Let me be clear - in domains where the cost of errors are severe (e.g. legal, finance, accounting) or even life-threatening (e.g. healthcare, pharma) you absolutely should not design a system solely around a zero-shot LLM.* LLMs are stochastic by nature, and need to use external resources to provide verifiable, discrete responses.
What you can do instead is create a modular system with explainability, grounding, and auditability built-in - something more akin to an “agent-based” approach.
* This is part of a greater degree of skepticism I have with “domain-specific models,” which is a topic for a future post - the observation that beyond a certain level of model intelligence, your domain-specific data does not matter.
Agents “Do No Harm.”
While Harvey bets on an offline, domain-specific model, Hippocratic AI has the opposite tack. They break physician-patient interactions into individual “specialist models,” (i.e. ‘agents’ or ‘modules’) narrowly scoped to address individual workflows like checklists, medication, labs & vitals, etc..

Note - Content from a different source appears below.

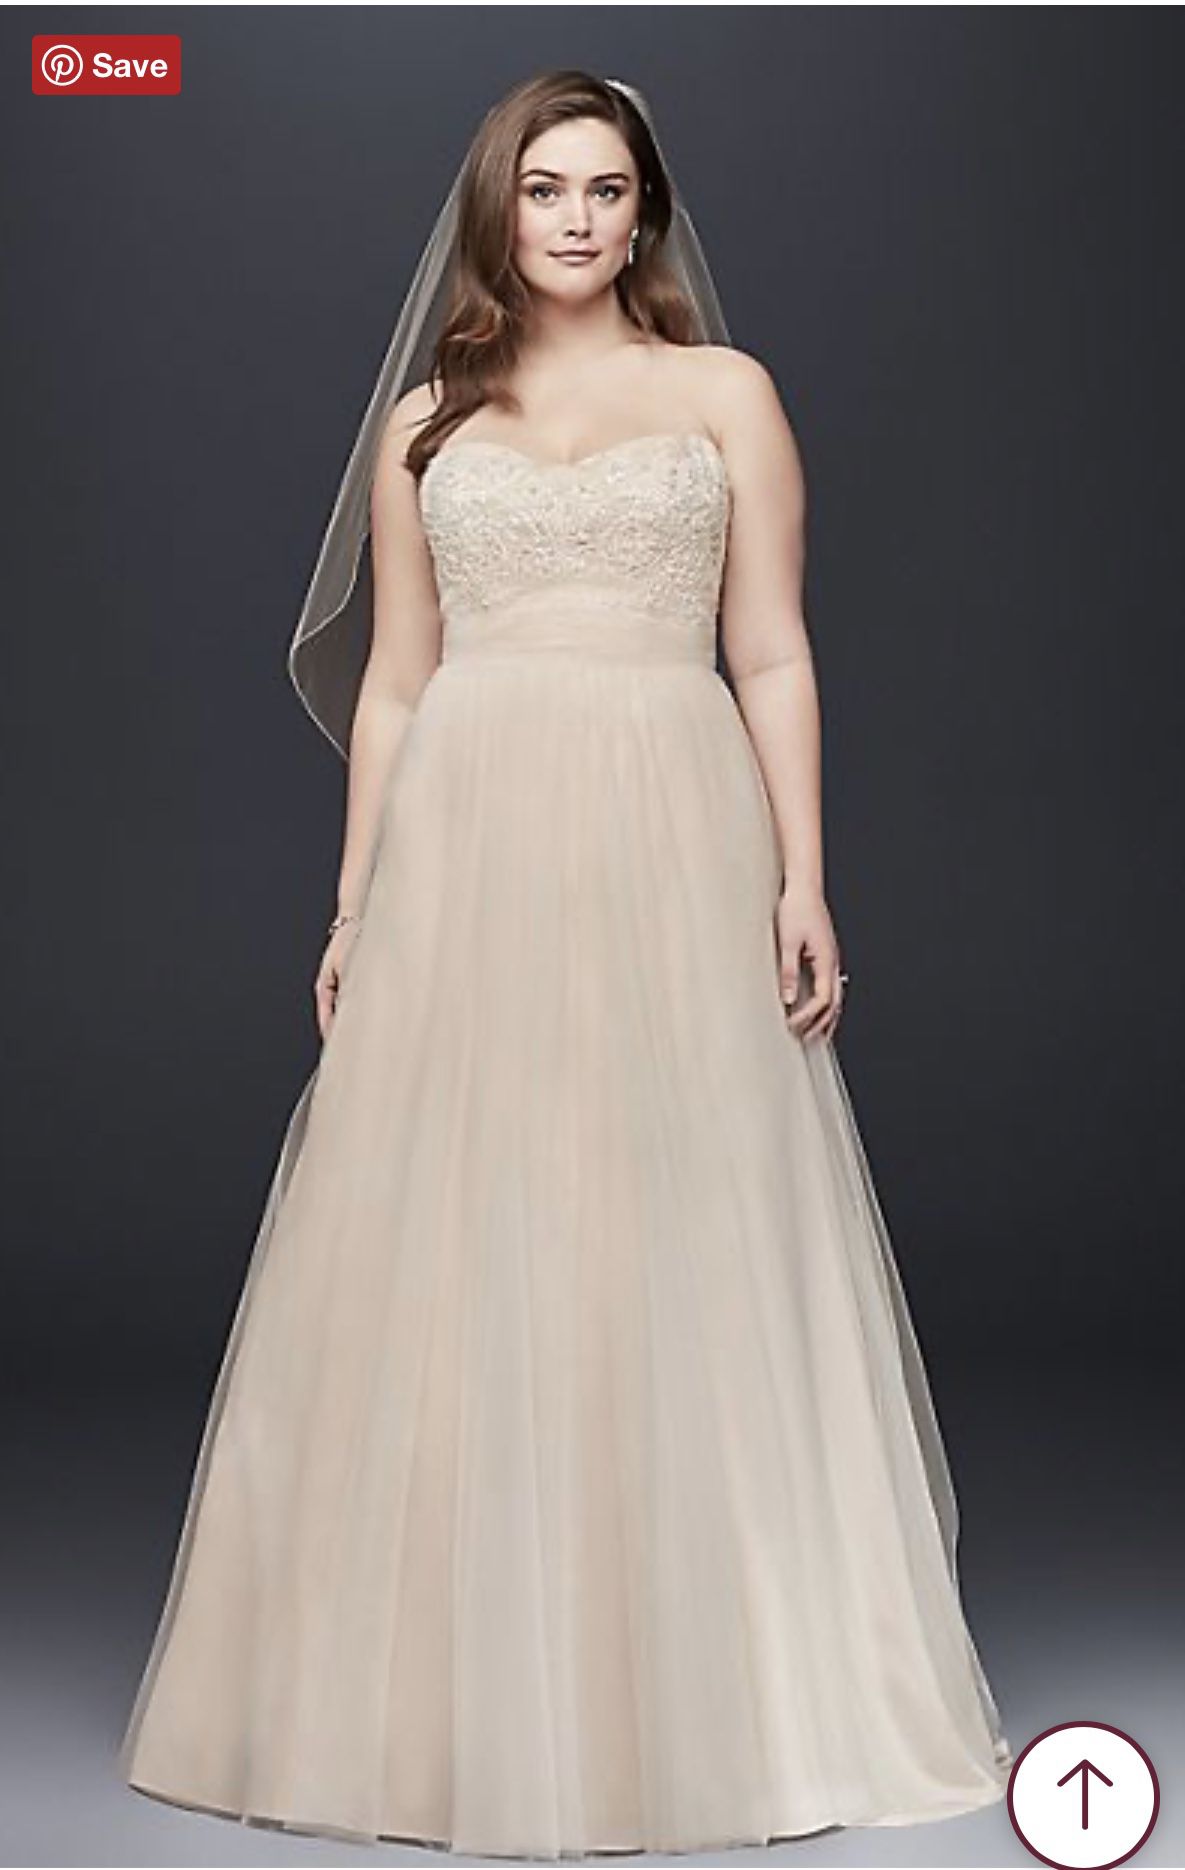 Davids bridal wedding gown size 12 / street size 8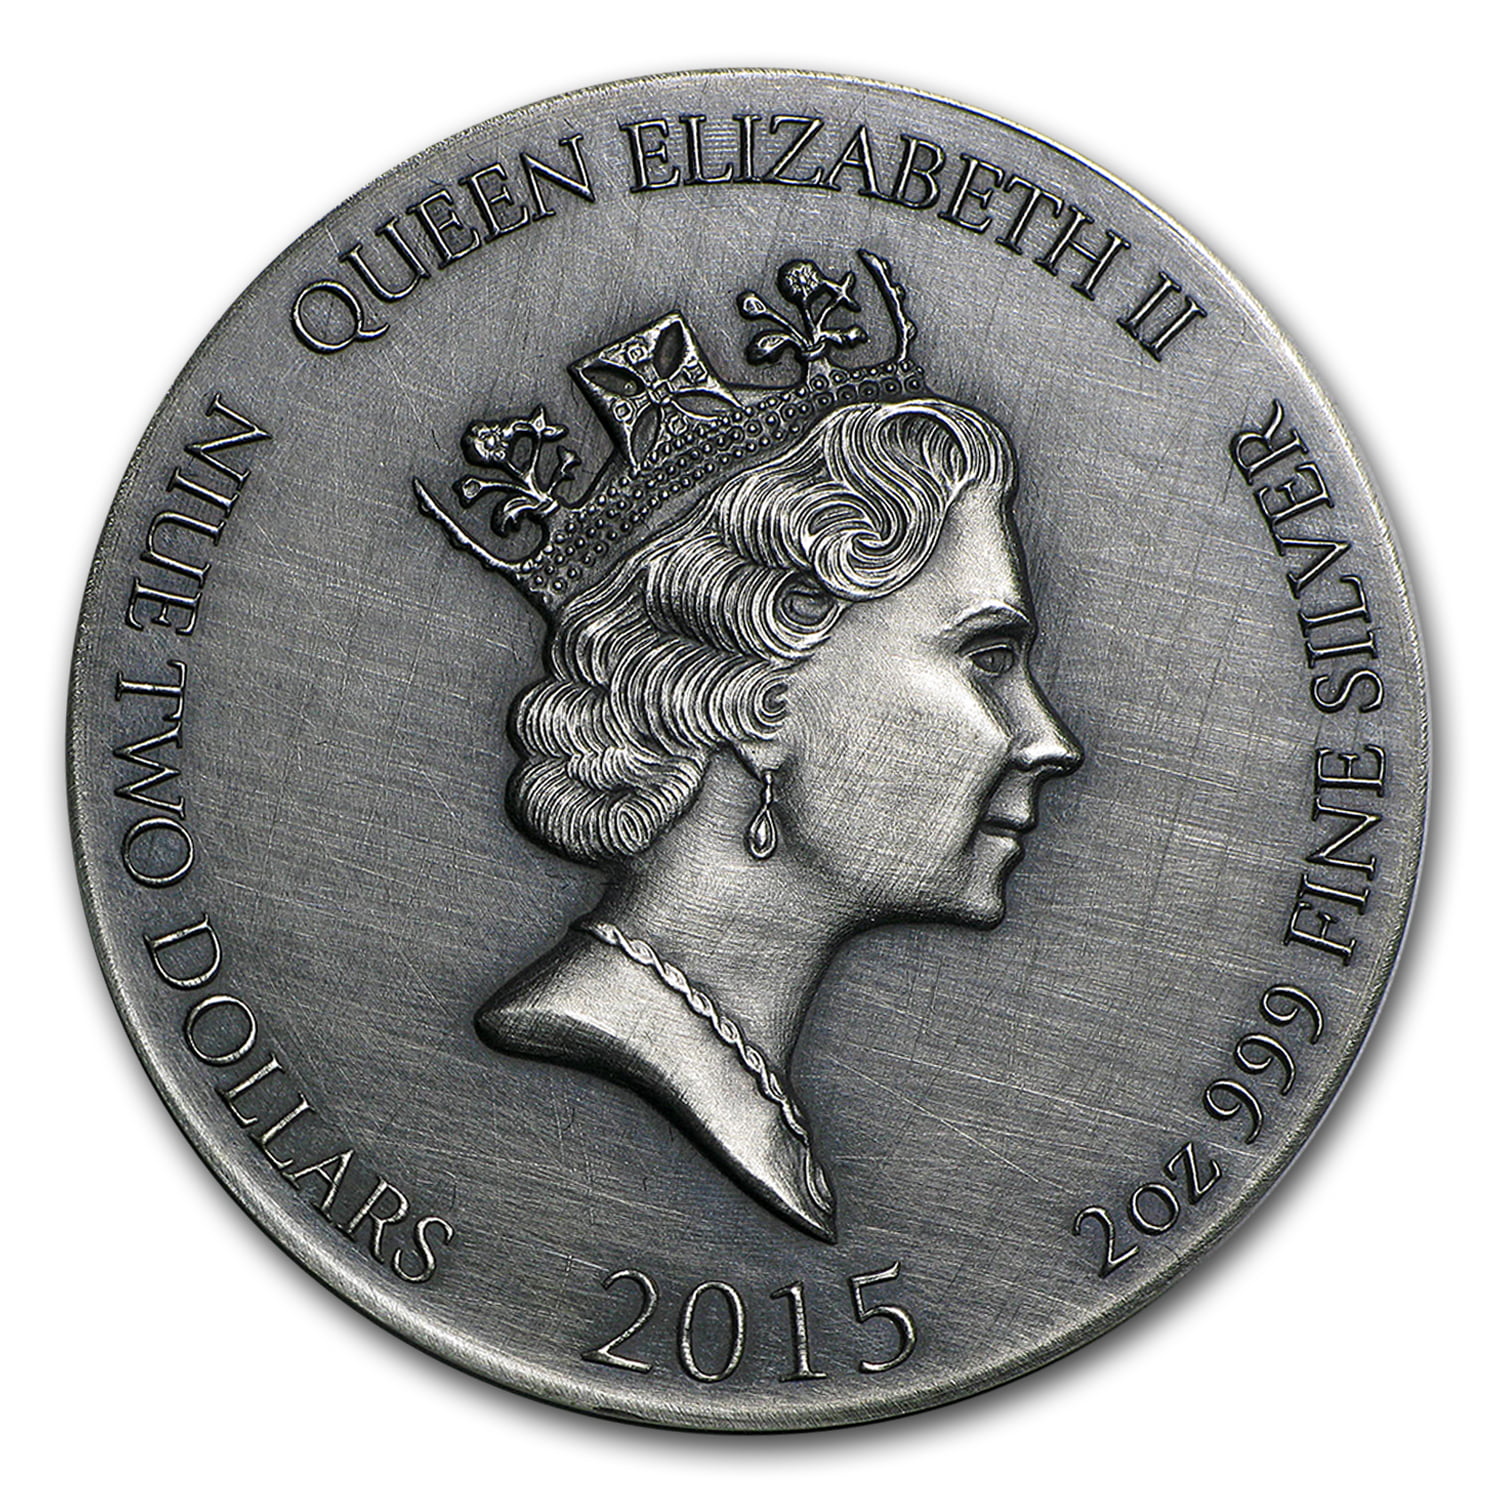 Biblical Series 2015 Niue Ten Commandments 2 oz Silver Coin w/ COA & packaging

It’s a fantastic example of an agentic system in action, especially notable for its clout and adoption in such a sensitive domain - healthcare - where the cost of a mistake can be deadly.
Listen to this AI-patient conversation at 2x speed, and observe the agents in action:
Bonus points for anyone who heard “delve” as a clear AI giveaway.
The primary agent for Linda prioritizes good bedside manner, building rapport, and providing empathetic guidance
Linda’s “checklist specialist” balances extracting info and moving the conversation forward
For each checklist item, Linda has a specialist “support agent” for tasks like reviewing meds, answering insurance questions, or giving nutrition tips
These interlinked agents share data and RAG into specific knowledge bases
Hippocratic stress-tested with 1,200+ clinicians in simulated patient-actor conversations, and are achieving verifiable parity (or supremacy) on all 5 of the surveyed dimensions: bedside manner, patient education, conversation quality, clinical readiness, and medical safety.
I’ll dive deeper into agentic systems design in a future post, but the key takeaway is you can mimic these techniques for building sophisticated AI that consistently works, even in the most sensitive domains. I don’t think customers would accept less, and neither should investors or founders.
What’s next: beyond copilots
I mentioned at the top of this post that as a general rule, I don’t like to invest in application-layer companies. Here are the exceptions to that rule:
You’re selling into a highly sensitive regulatory domain. This makes it harder to sell into, but drastically improves customer stickiness, AND
You (the founder(s)) have unfair channel access / distribution into these regulated customers, AND
Because you know these customers so well, you’ve designed a task-specific agentic system that meets or exceeds human-level performance on each of the scoped modules
Application-layer companies that meet these criteria have a better shot at building defensible, long-term value. We need modular, explainable systems that leverage generative AI while grounding it in domain knowledge and rigorous evals. Agentic systems, à la Hippocratic AI, are great examples of this. Looking forward to seeing many more like it in Chapter Two of this cycle.